Correlation Between Srivichaivejvivat and Mahachai Hospital
Can any of the company-specific risk be diversified away by investing in both Srivichaivejvivat and Mahachai Hospital at the same time? Although using a correlation coefficient on its own may not help to predict future stock returns, this module helps to understand the diversifiable risk of combining Srivichaivejvivat and Mahachai Hospital into the same portfolio, which is an essential part of the fundamental portfolio management process.
By analyzing existing cross correlation between Srivichaivejvivat Public and Mahachai Hospital Public, you can compare the effects of market volatilities on Srivichaivejvivat and Mahachai Hospital and check how they will diversify away market risk if combined in the same portfolio for a given time horizon. You can also utilize pair trading strategies of matching a long position in Srivichaivejvivat with a short position of Mahachai Hospital. Check out your portfolio center. Please also check ongoing floating volatility patterns of Srivichaivejvivat and Mahachai Hospital.
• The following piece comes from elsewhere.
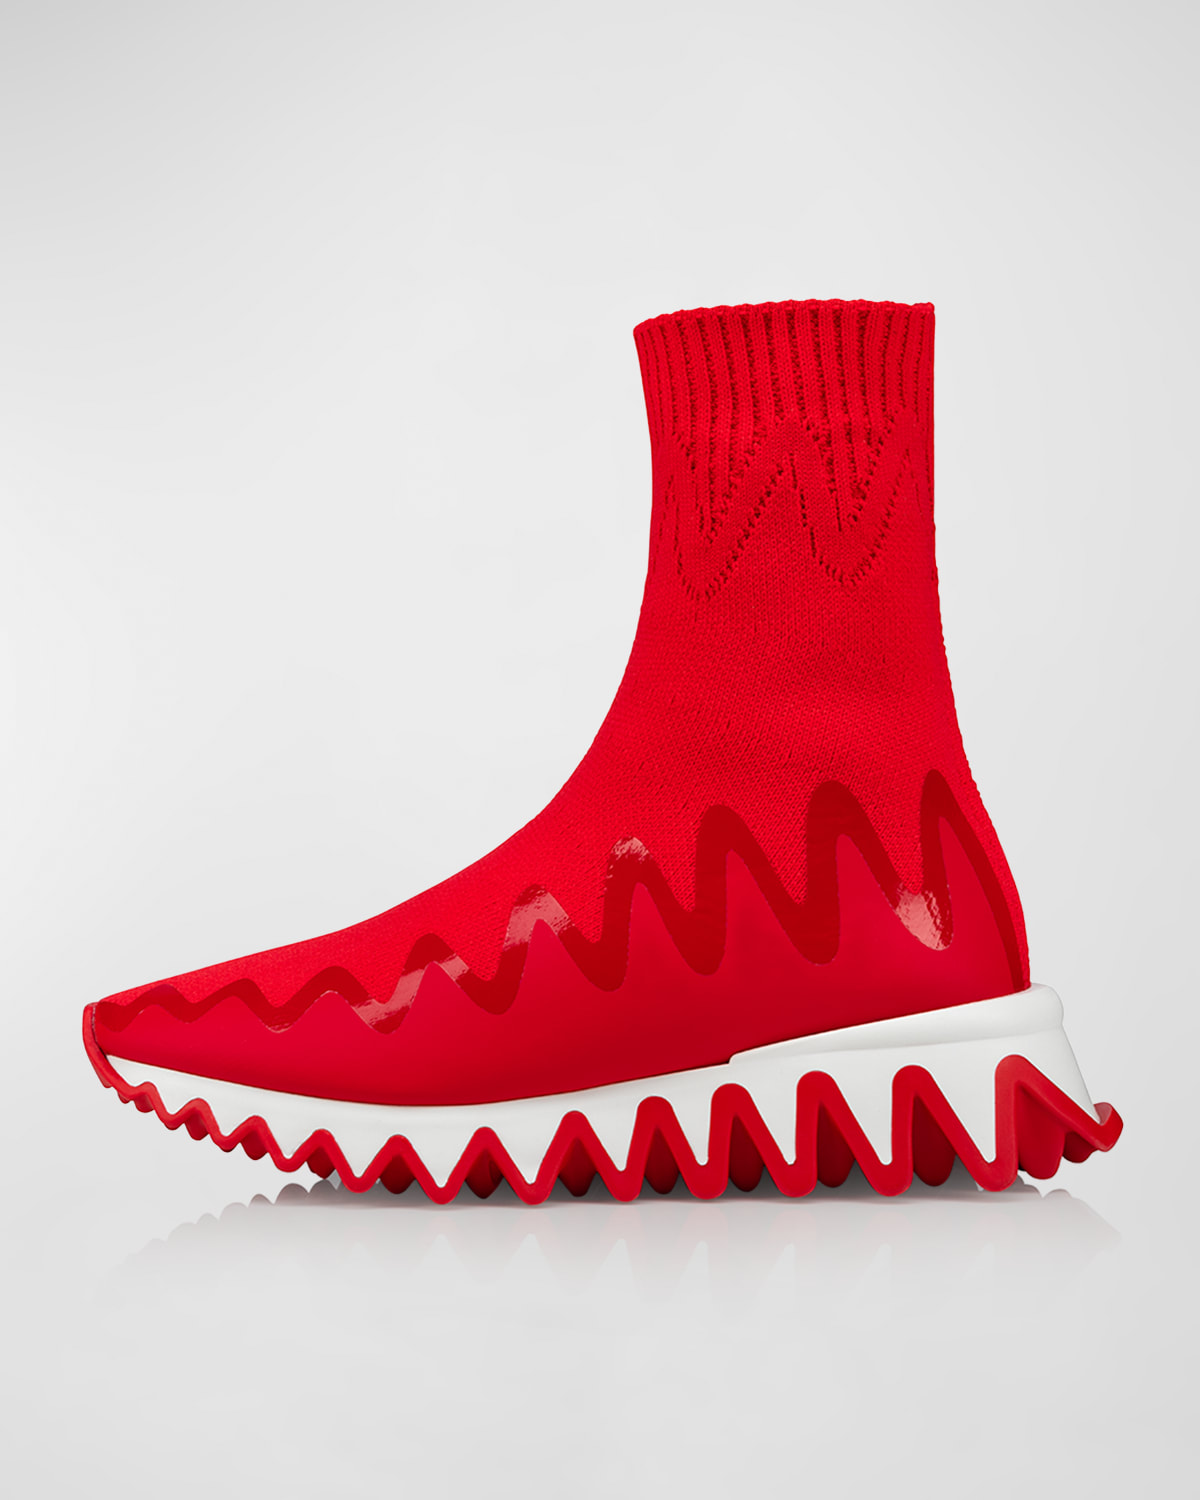 CHRISTIAN LOUBOUTIN KID'S SHARKY PULL-ON SOCK SNEAKERS, TODDLERS/KIDS

Diversification Opportunities for Srivichaivejvivat and Mahachai Hospital
0.75 | Correlation Coefficient |
Poor diversification
The 3 months correlation between Srivichaivejvivat and Mahachai is 0.75. Overlapping area represents the amount of risk that can be diversified away by holding Srivichaivejvivat Public and Mahachai Hospital Public in the same portfolio, assuming nothing else is changed. The correlation between historical prices or returns on Mahachai Hospital Public and Srivichaivejvivat is a relative statistical measure of the degree to which these equity instruments tend to move together. The correlation coefficient measures the extent to which returns on Srivichaivejvivat Public are associated (or correlated) with Mahachai Hospital. Values of the correlation coefficient range from -1 to +1, where. The correlation of zero (0) is possible when the price movement of Mahachai Hospital Public has no effect on the direction of Srivichaivejvivat i.e., Srivichaivejvivat and Mahachai Hospital go up and down completely randomly.
Pair Corralation between Srivichaivejvivat and Mahachai Hospital
Assuming the 90 days trading horizon Srivichaivejvivat Public is expected to generate 1.49 times more return on investment than Mahachai Hospital. However, Srivichaivejvivat is 1.49 times more volatile than Mahachai Hospital Public. It trades about -0.16 of its potential returns per unit of risk. Mahachai Hospital Public is currently generating about -0.36 per unit of risk. If you would invest 910.00 in Srivichaivejvivat Public on December 5, 2024 and sell it today you would lose (185.00) from holding Srivichaivejvivat Public or give up 20.33% of portfolio value over 90 days.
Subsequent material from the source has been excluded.